Weihnachten 2023 mit 16 Sorten Keksen – ich hätte ja gerne noch mehr gemacht, aber essen muss sie auch jemand sagt meine Mama. 

Die üblichen Verdächtigen: Kekis, Orangette, Vanillekipferl, Haferflockenmakronen, Linzeraugen, Kokospyramiden, Spritzgebäck, LebkuchenApfelkaramellen, Monde, Florentiner

Die Neuzugänge: Dackel (kinderfreundliches Rezept ohne raffinierten Zucker), Nougatpilze, italienische Mandelkekse, Haselnuss-Orangen-Shortbread und Mohn-Marzipan-Augen.



Sonntag, 10. Januar 2021

Weihnachten 2020

Weihnachten 2020 mit 20 Sorten Keksen – gar nicht schlecht, liebes Krebsen. 
Die üblichen Verdächtigen: Kekis, Orangette, Vanillekipferl, Haferflockenmakronen, Linzeraugen, Husarenkrapferl, Kokospyramiden, Spritzgebäck, Lebkuchen, Apfelkaramellen, Monde (Rezept unten) und Mandelkaramellschnitten (Rezept unten).
Die Neuzugänge: Erdnussdackel, Pignoli, Speckulatius, Pistazienrolle, Viererlei Kugerl (Kokos, Tamarinde, Schoko-Orange, Dattel-Walnuss).

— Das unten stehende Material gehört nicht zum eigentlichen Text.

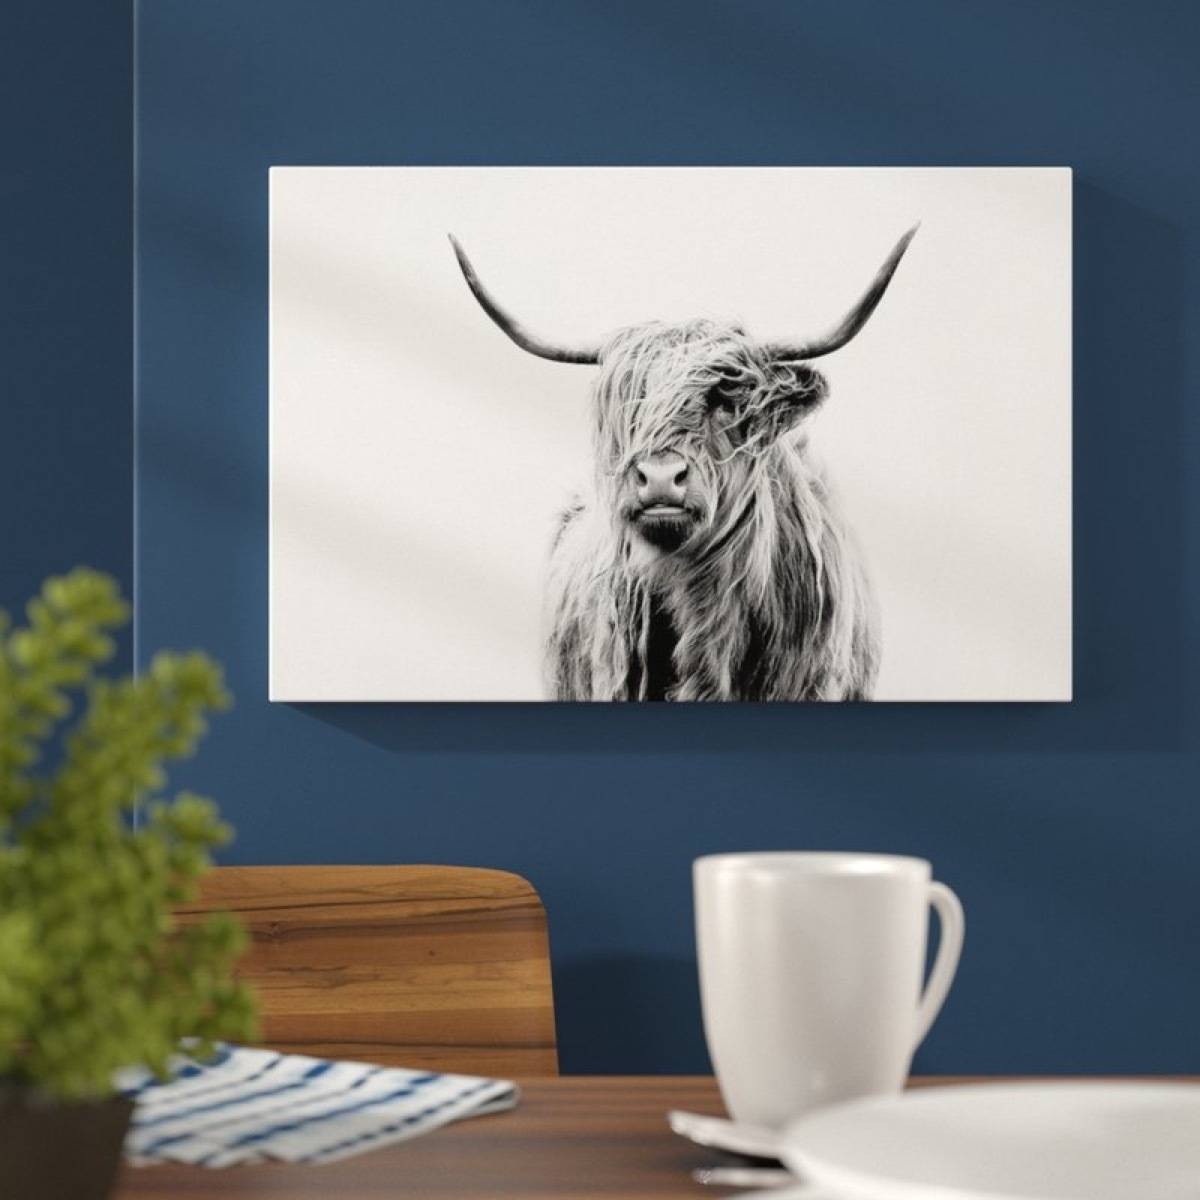 Cheap home decor and affordable furniture - Canvas wall art from All Modern

Die Monde sind ein Omi-Klassiker aus dem Burgenland. Ich liebe die dicke Rumglasur, die in den noch warmen saftigen Schoko-Nussteig sickert. Kein Kinderkeks, aber das hat mich offenbar früher auch nicht aufgehalten.

Monde
ergibt ein Blech
200g weiche Butter 
100g Staubzucker
1EL Vanillezucker
200g Schokolade
6 Eier, getrennt
100g Feinkristallzucker
140g Walnüsse, gerieben
160g Mehl
1 Prise Salz

für die Glasur
300g Staubzucker
100ml Rum

ausserdem eine runde Ausstechform

1. Backrohr auf 175°C vorheizen und ein Backblech fetten und mit Mehl ausstreuen bzw. mit Backpapier auslegen. Butter, Staubzucker und Vanillezucker in einer Schüssel schaumig rühren. Die Eier trennen und die Dotter unter die Buttermasse rühren.
2. Die Schokolade grob hacken und überm Wasserbad schmelzen. Handwarm abkühlen lassen und unter die Buttermasse rühren. Die Eiklar in einer sauberen Schüssel steif schlagen, dabei den Kristallzucker löffelweise zugeben. In einer dritten Schüssel Walnüsse, Mehl und Salz mischen. Gemeinsam mit dem Eischnee vorsichtig unter die Schokomasse heben.
3. Dein Teig glatt  auf das Blech streichen und etwa 20 Minuten backen (Stäbchenprobe in der Mitte des Blechs). Sobald das Blech aus dem Rohr kommt, Staubzucker und Rum in einer Schüssel zu einer glatten Glasur rühren und über den noch warmen Kuchen gießen. Die Glasurmenge ist sehr großzügig, wenn es also an den Seiten wieder heruntertropft, ist das völlig normal. Abkühlen lassen.
4. Wenn der Kuchen nur noch lauwarm ist mit einer runden Ausstechform vom Rand weg Halbmonde ausstechen. Luftdicht verpackt und kühl aufbewahren, dann sind sie gut zwei Wochen saftig.


Mandelkaramellschnitten
ergibt ein Blech

für den Mürbteig
300g Mehl
150g Butter
70g Staubzucker
1 Ei

für den Belag
200ml Schlagobers
100g Honig
300g Zucker
100g Butter
300g gehobelte Mandeln

1. Für den Mürbteig alle Zutaten rasch zu einem Teig verarbeiten und eine halbe Stunde kühlstellen.
2. Das Backrohr auf 180°C vorheizen, ein Blech fetten und mit Mehl ausstreuen. Den Teig möglichst ebenmäßig auf das Blech drücken und 10 Minuten vorbacken. 
3. Inzwischen für den Belag Obers, Honig, Zucker und Butter in einem Topf aufkochen. Vom Herd nehmen, die Mandelhobel unterrühren und die Masse glatt auf den vorgebackenen Mürbteig streichen.
4. Das Backrohr auf 160°C schalten und die Mandelschnitten goldbraun fertigbacken. Am besten noch warm in kleine Quadrate schneiden. Luftdicht verpackt und kühl aufbewahren. 

Montag, 24. Dezember 2018

Weihnachten 2018

Wir waren sehr fleißig dieses Jahr. 21 Sorten! Frohe Weihnachten!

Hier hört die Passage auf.